«Черные вина» в Каоре, исторические вина в Гайаке и потом… что же? Что представляет собой Кот-дю-Фронтоне и его сорт негрет? Патрик Жермен, изгнанный из своих крупных семейных поместий в Алжире и Марокко, купил в 1974 году Бельвю-ля-Форе, зная, что там необходимо сделать. «Я хотел создавать не великое, — говорит он, — а просто приятное вино». Как оказалось, он не мог выбрать лучшего места, чем Фронтон, и лучшего сорта, чем негрет, чтобы добиться своего. Перечно-табачный аромат и тона свежих кислых фруктов делают его вина похожими на божоле, которое стоит подавать охлажденным до температуры погреба жарким вечером где-нибудь в Тулузе. Хорошо пьющееся, пьянящее — просто ария. Чистое наслаждение вином.

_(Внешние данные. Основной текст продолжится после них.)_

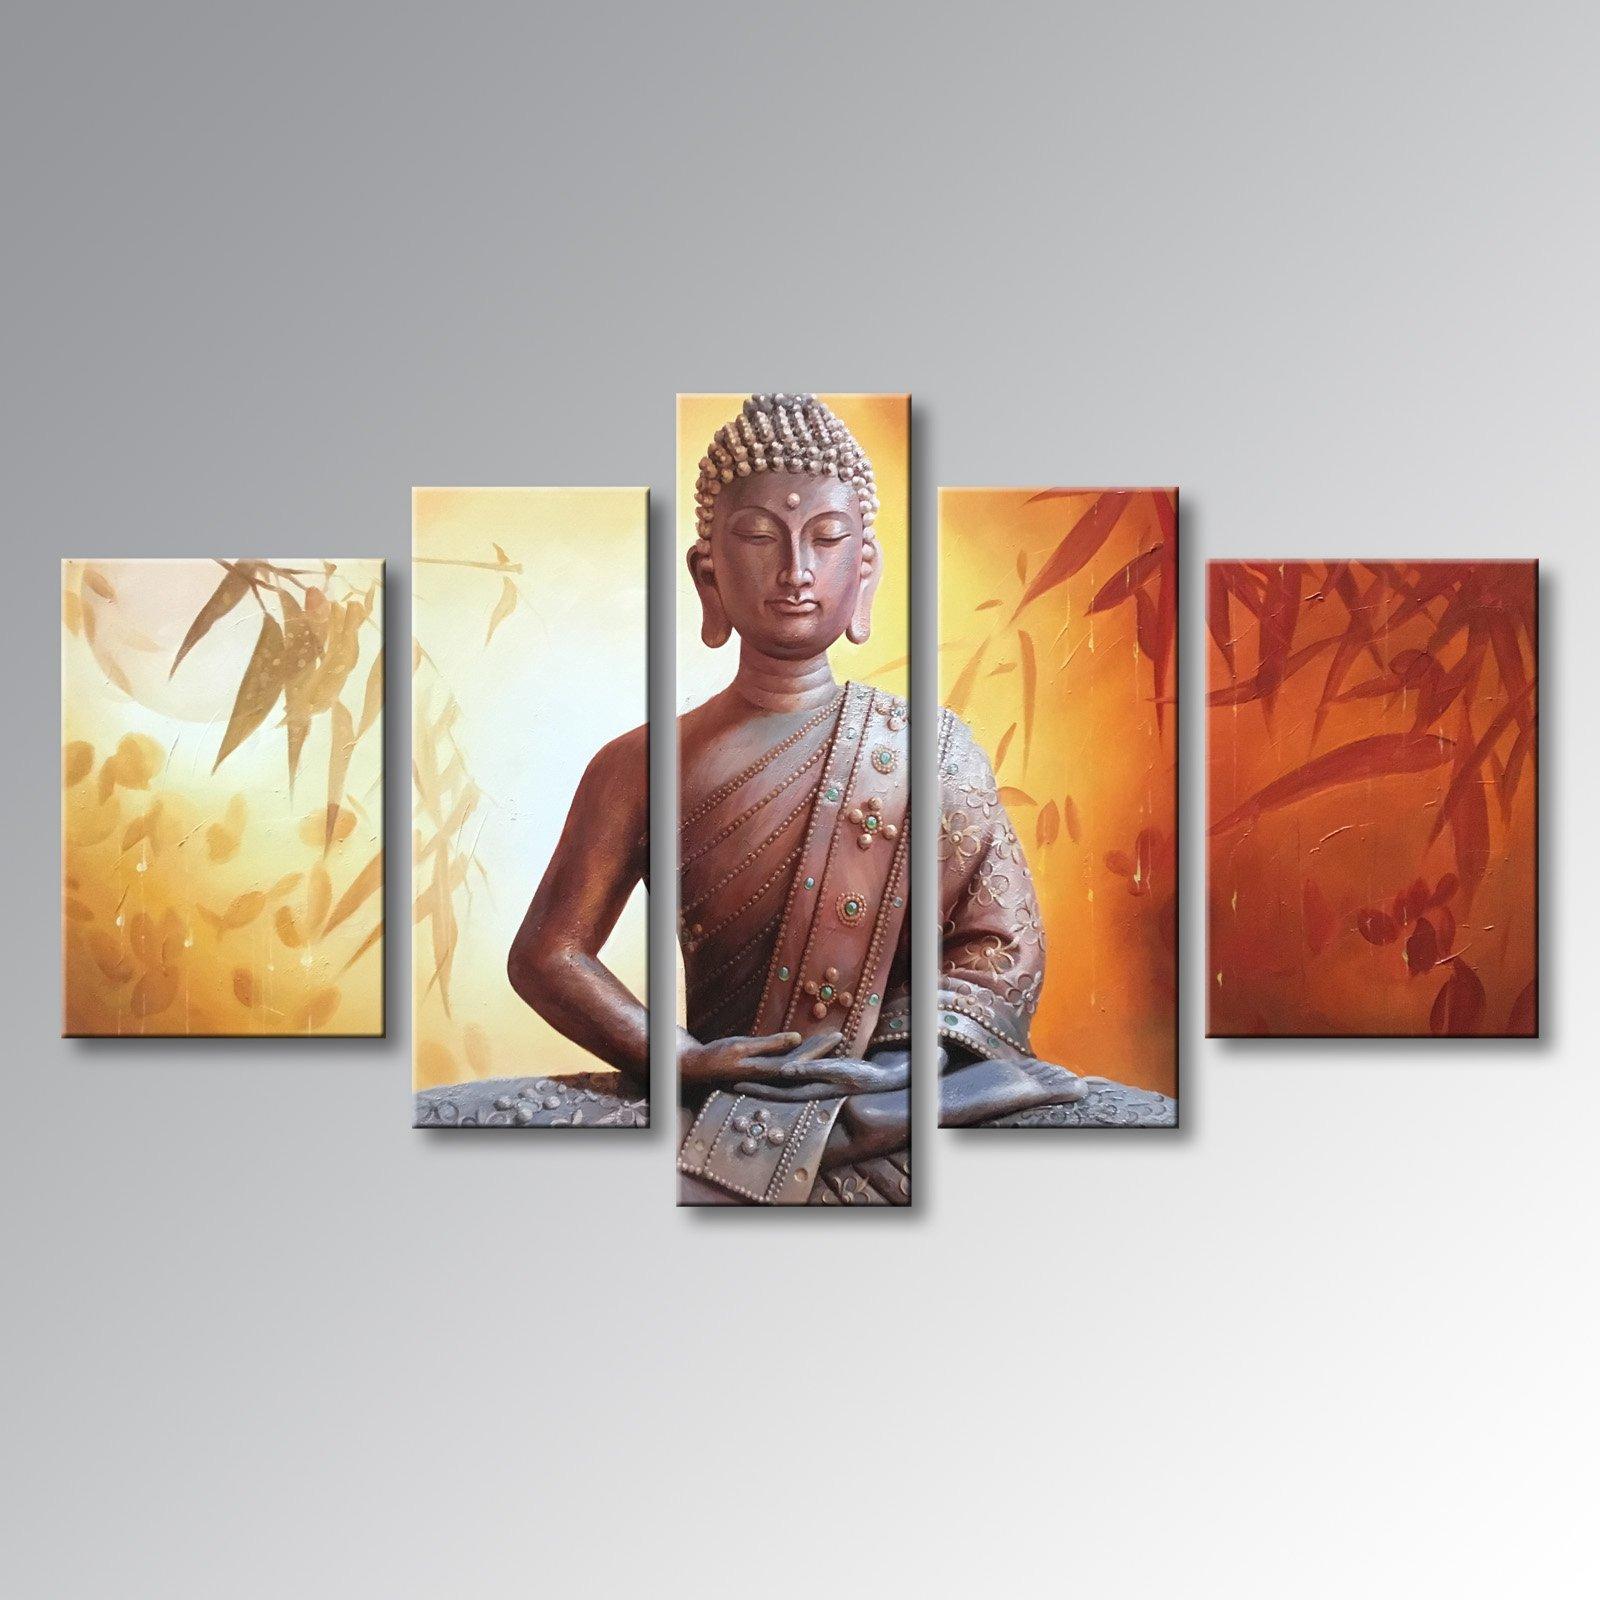 Winpeak Art Framed Handmade Buddha Wall Art on Canvas Abstract Oil Painting Modern Contemporary Decor Stretched Ready to Hang (58''W x 32''H (14''x20'' x2, 10''x28'' x2, 10''x32'' x1))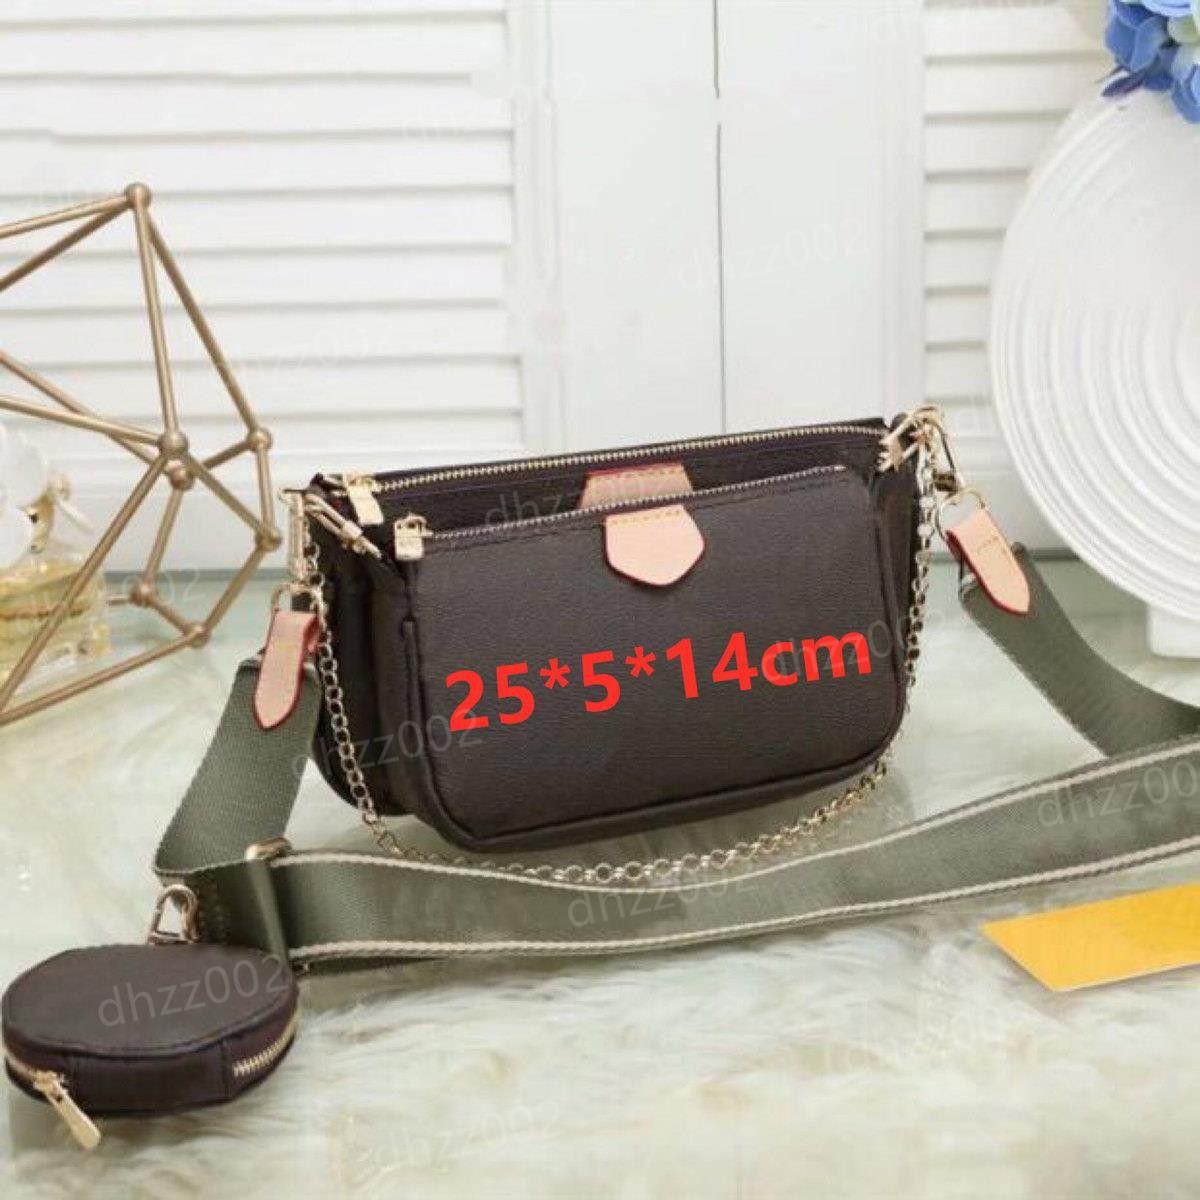 bags  Bolsa Mulheres Bolsas Multi PoChette Bag Cadeia Crossbody Bag Moda Pequena Ombro Bag 3 PCS Bolsa Multi Cor Coreiras WFDGF

Вот что дает нам негрет, смешанный с небольшим количеством сира, каберне фран, каберне совиньон и гаме, с урожайностью 50 гл/га на виноградниках, подходящих для машинной обработки с плотностью менее 5 тыс. лоз на га. Затем, конечно, вам хочется большего. Получив приятное вино, вы начинаете задумываться о том, что было бы неплохо создать великое.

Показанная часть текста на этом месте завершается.